ISO standards are meant to be used and ISO has a pragmatic policy that it needs to provide standards that are have a market requirement. See also this post by Rick Jeliffe on ISO standards: http://www.oreillynet.com/xml/blog/2007/02/what_is_a_standard_at_iso_1.html
OOXML is a standard originating in the MS Office 2003 XML formats, SpreadsheetML, WordprocessingML and PresentationML, formats which first showed in the august 2000 Office XP beta. This means that the formats are already well established in describing the features of Office documents. Important differences to those old formats in OOXML are the use of the Open Packaging Convention and the Markup Compatibility and Extensibility and putting embedded (binary) files in as separate files in the package and remove the binary content from the XML files. Also the OOXML specs old markup languages have been augmented to take tons of examples and a good structuring for implementation by using parent and child elements being defined everywhere. And finally the VML vector language format is being replaced by the new DrawingML format (although VML is kept in the spec for compatibility with the MS Office 2003 XML formats that used VML).
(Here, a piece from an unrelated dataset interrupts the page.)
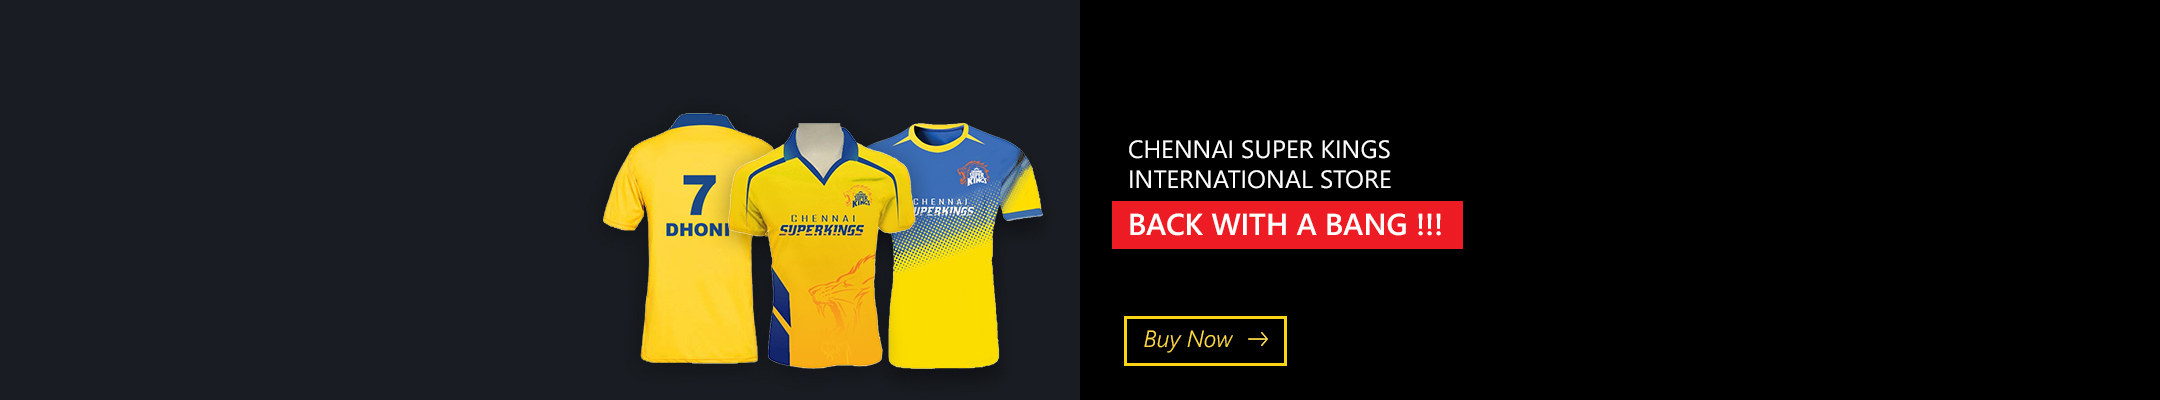 Chennai Super Kings Internation Store Back with a Bang!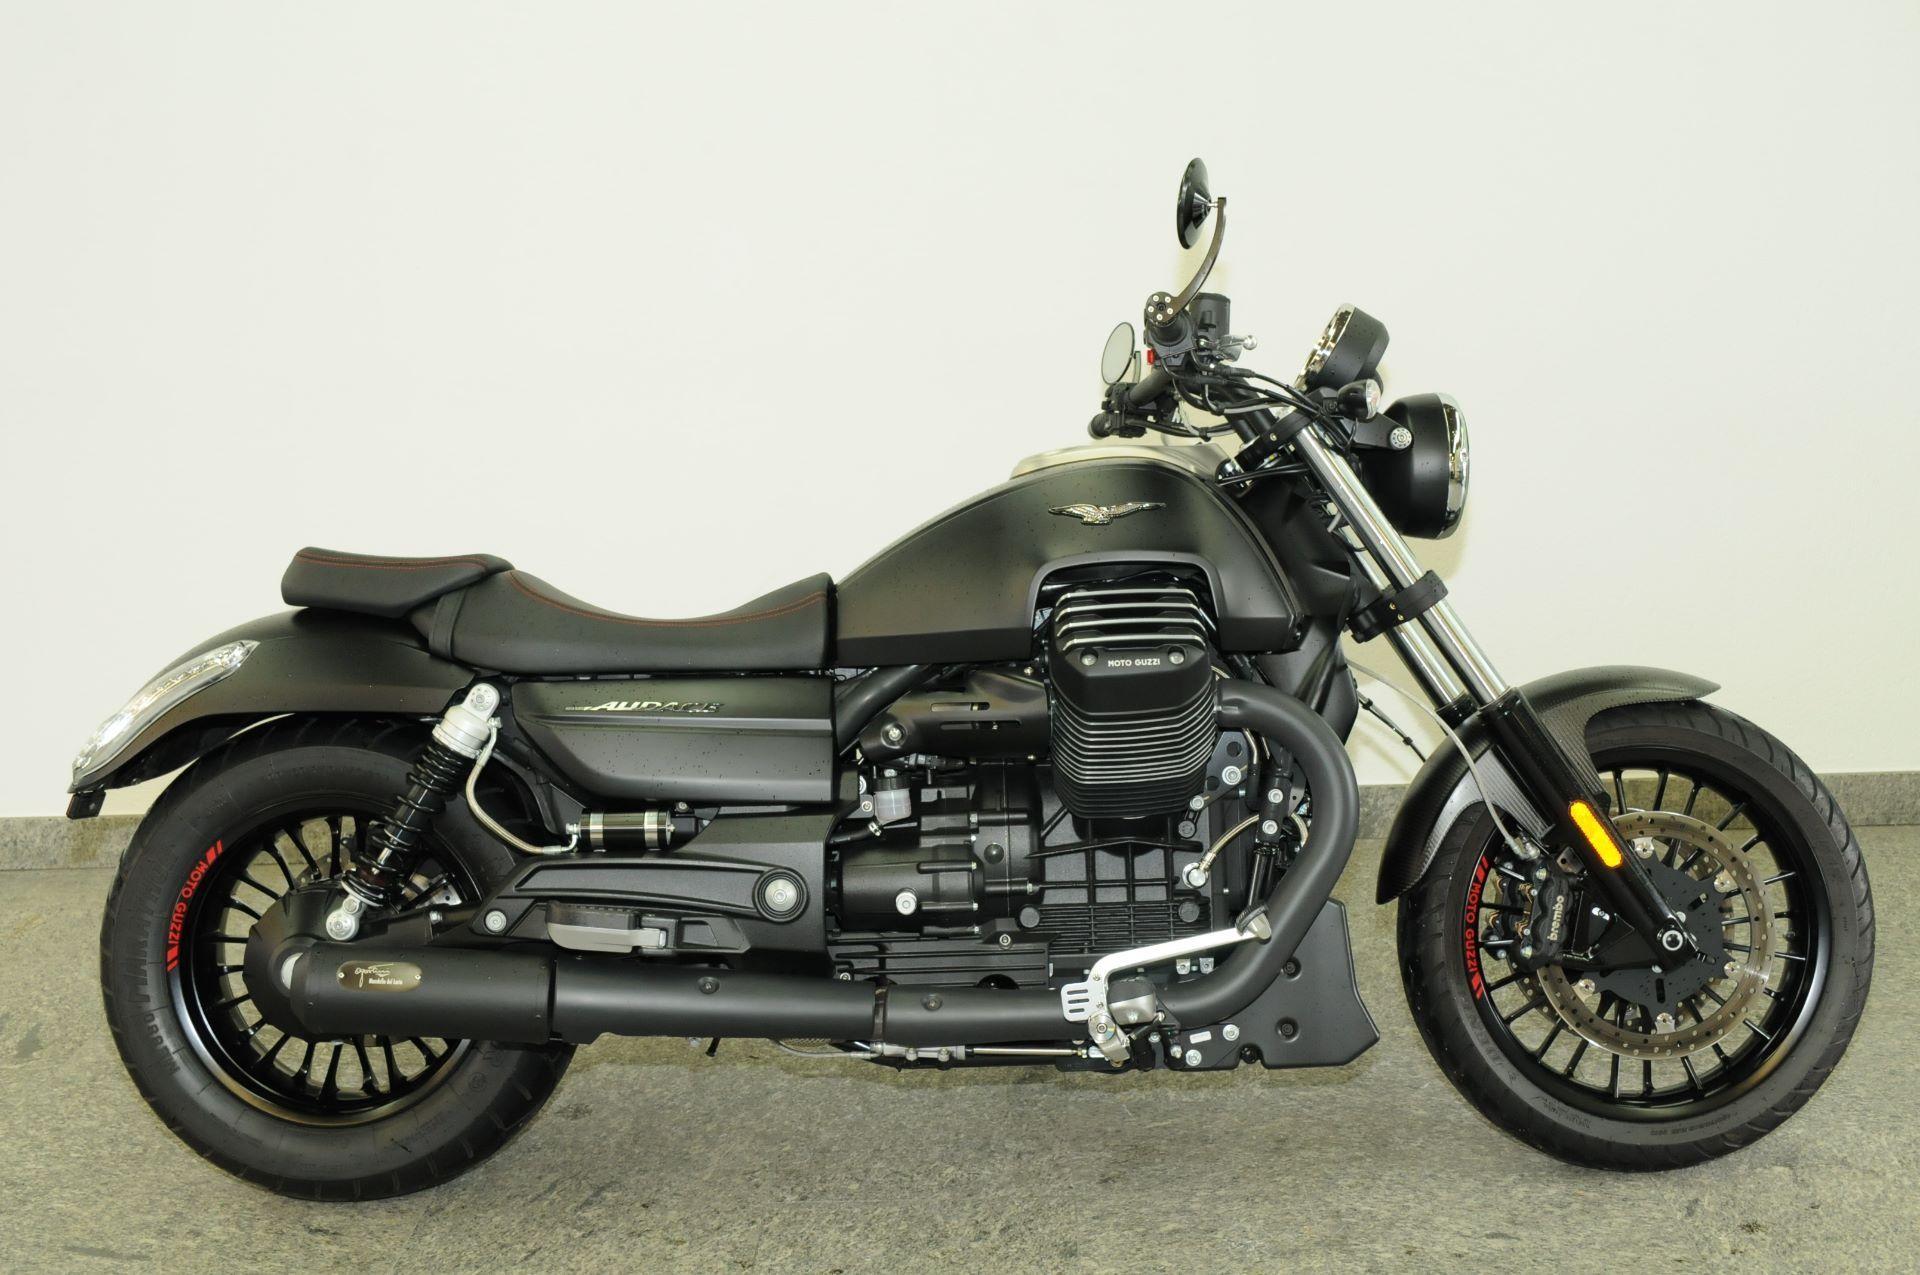 motorrad occasion kaufen moto guzzi audace 1400 abs. Black Bedroom Furniture Sets. Home Design Ideas

This is an example of why the format is not perfect. It carries with it the burden of backwards compatibility and the amount of extensive features being used in MS Office. But it also combines this with a spec that has a lot of possible issues in it already dealt with. It would be very hard to stamp out a completely new format that could be used by an Office suite like MS Office. Certainly a spec like ODF which is pretty good would not suffice as it leaves a lot of things still undefined or up to implementation. ODF is improving this by improving it's specs and extending them in newer versions and also by trying to create a set of reference documents to further define it's implementations. Still it is has proved very hard to get an implementation that could implement the entire ODF spec even 20 months after it has been standardized by OASIS even without looking at formula's. http://testsuite.opendocumentfellowship.org/summary.html . This shows that implementing a complex Office spec even when you already have a full Office suite as a basis is a process that can takes years.

This is basically what Microsoft has done with it's Office format. It has taken more than 6 years to put it's Office suite towards a full XML implementation that is also backwards compatible with it's billions of legacy documents. Then it has opened up this format for everyone to use by standardizing it trough Ecma. It does carry some scars from that development but it also is a spec that is in full use with many of it's key markup elements like the formula's having proven themselves over a longer period of time. In ISO fasttracking that is important as it show that the format has pedigree in the real world and that it has use in the market of today.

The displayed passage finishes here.